● Assignment: Transcribe all the lines below exactly. Omit the pictures.

━━ Supplied data ━━

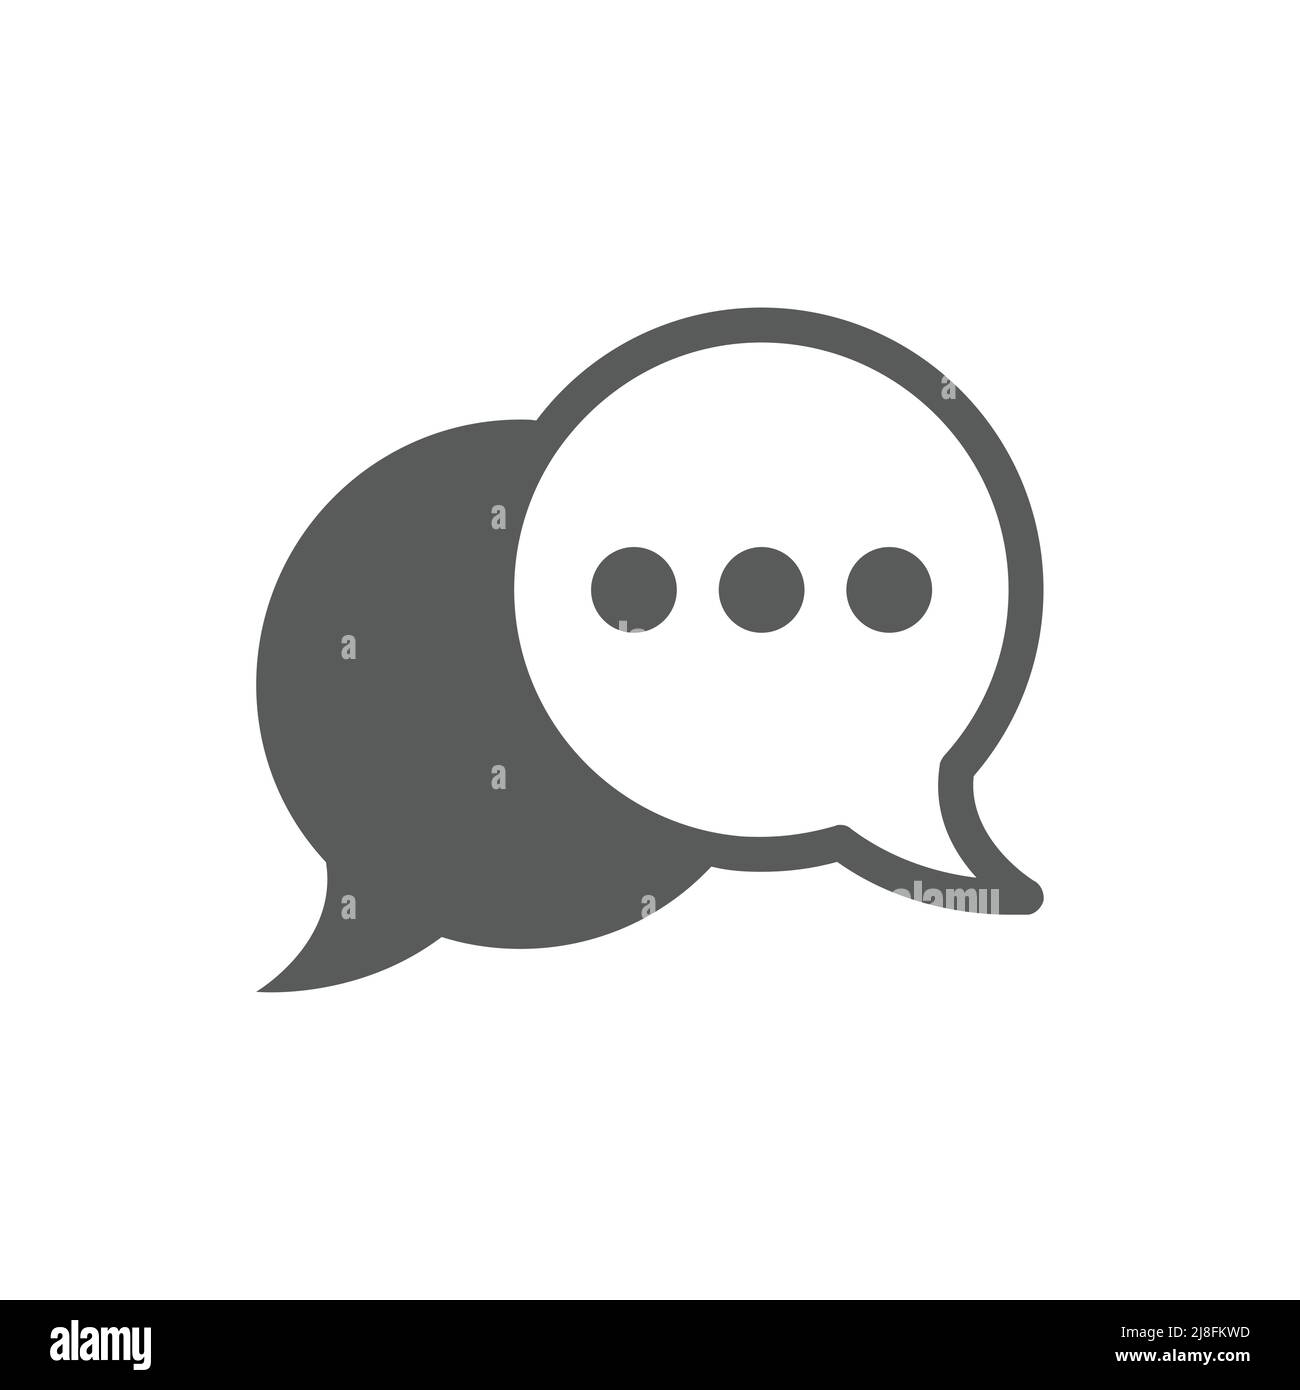 Icona vettoriale nero fumetto vocale impostata. Icone piene di fumetto chat. Illustrazione Vettoriale
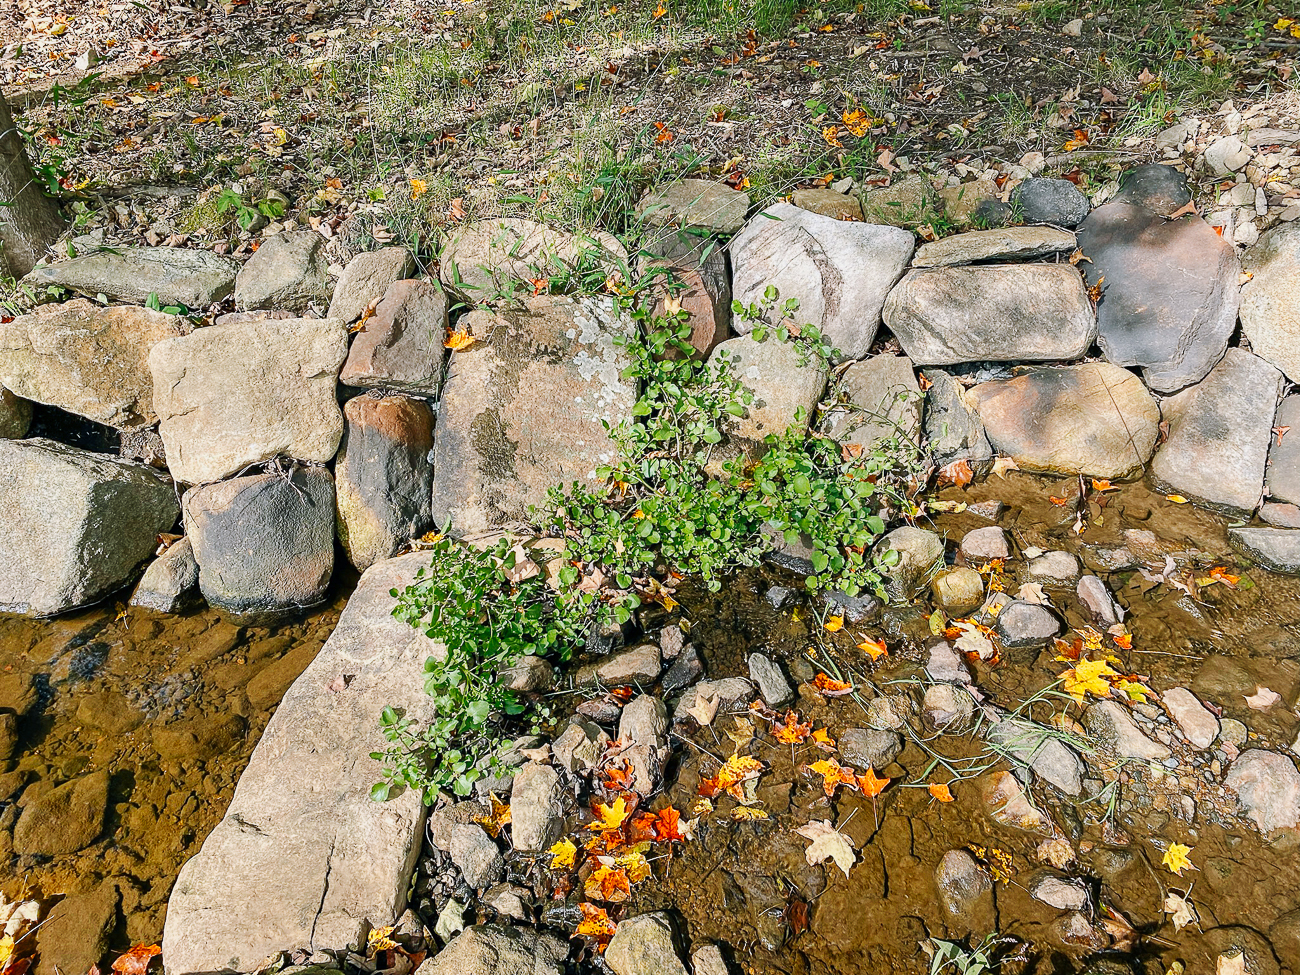 watercress planted amongst rocks
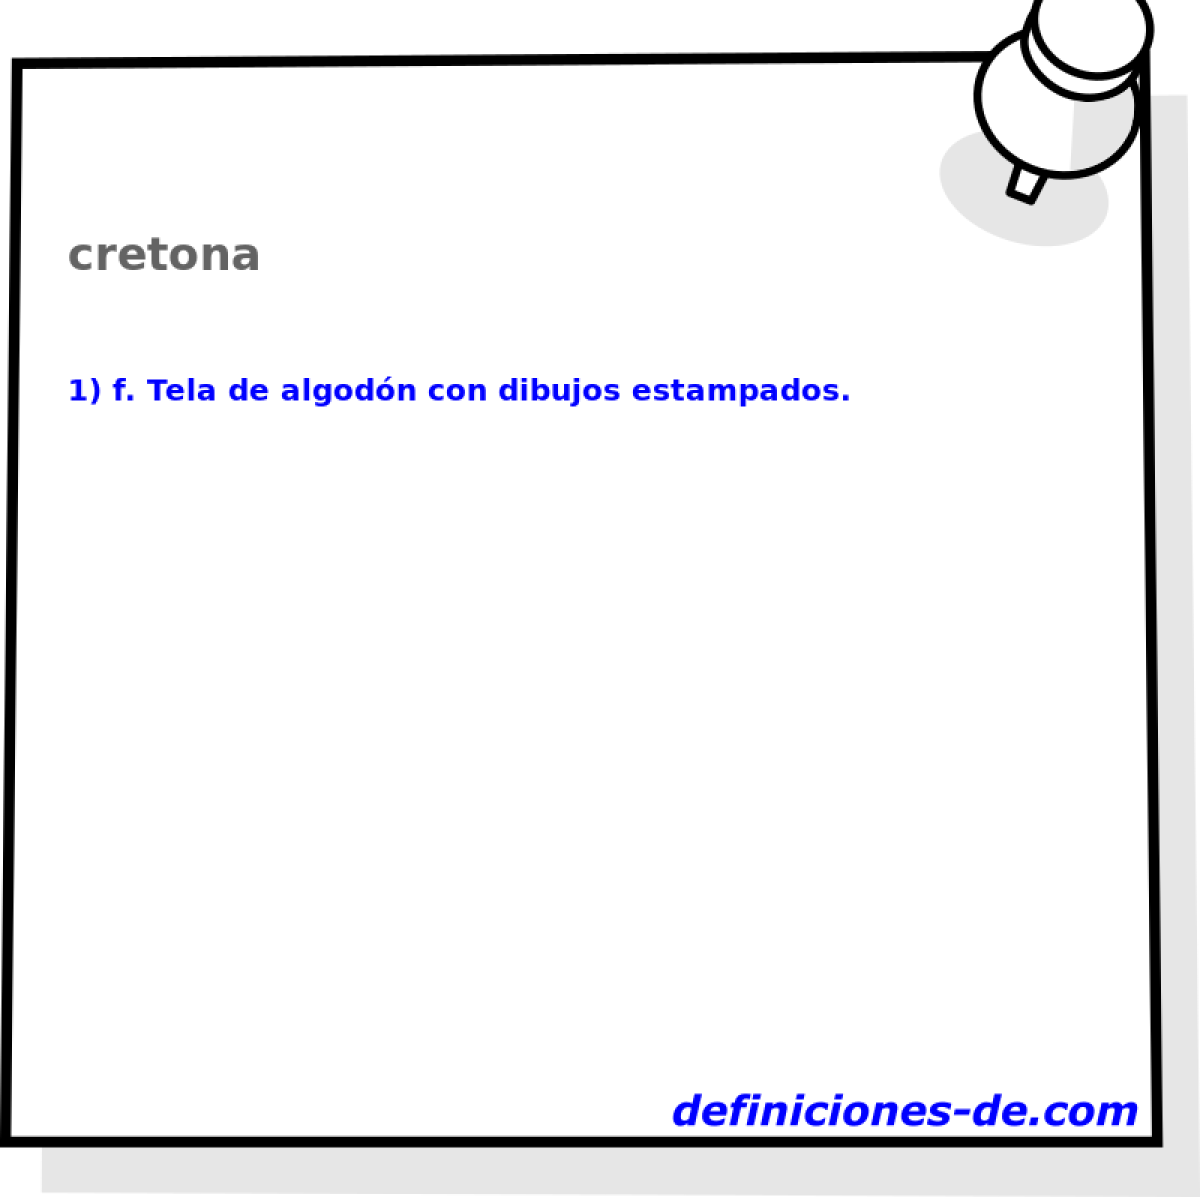 cretona

━━━

● Response to this task:
 Icona vettoriale nero fumetto vocale impostata. Icone piene di fumetto chat. Illustrazione Vettoriale
 watercress planted amongst rocks
 cretona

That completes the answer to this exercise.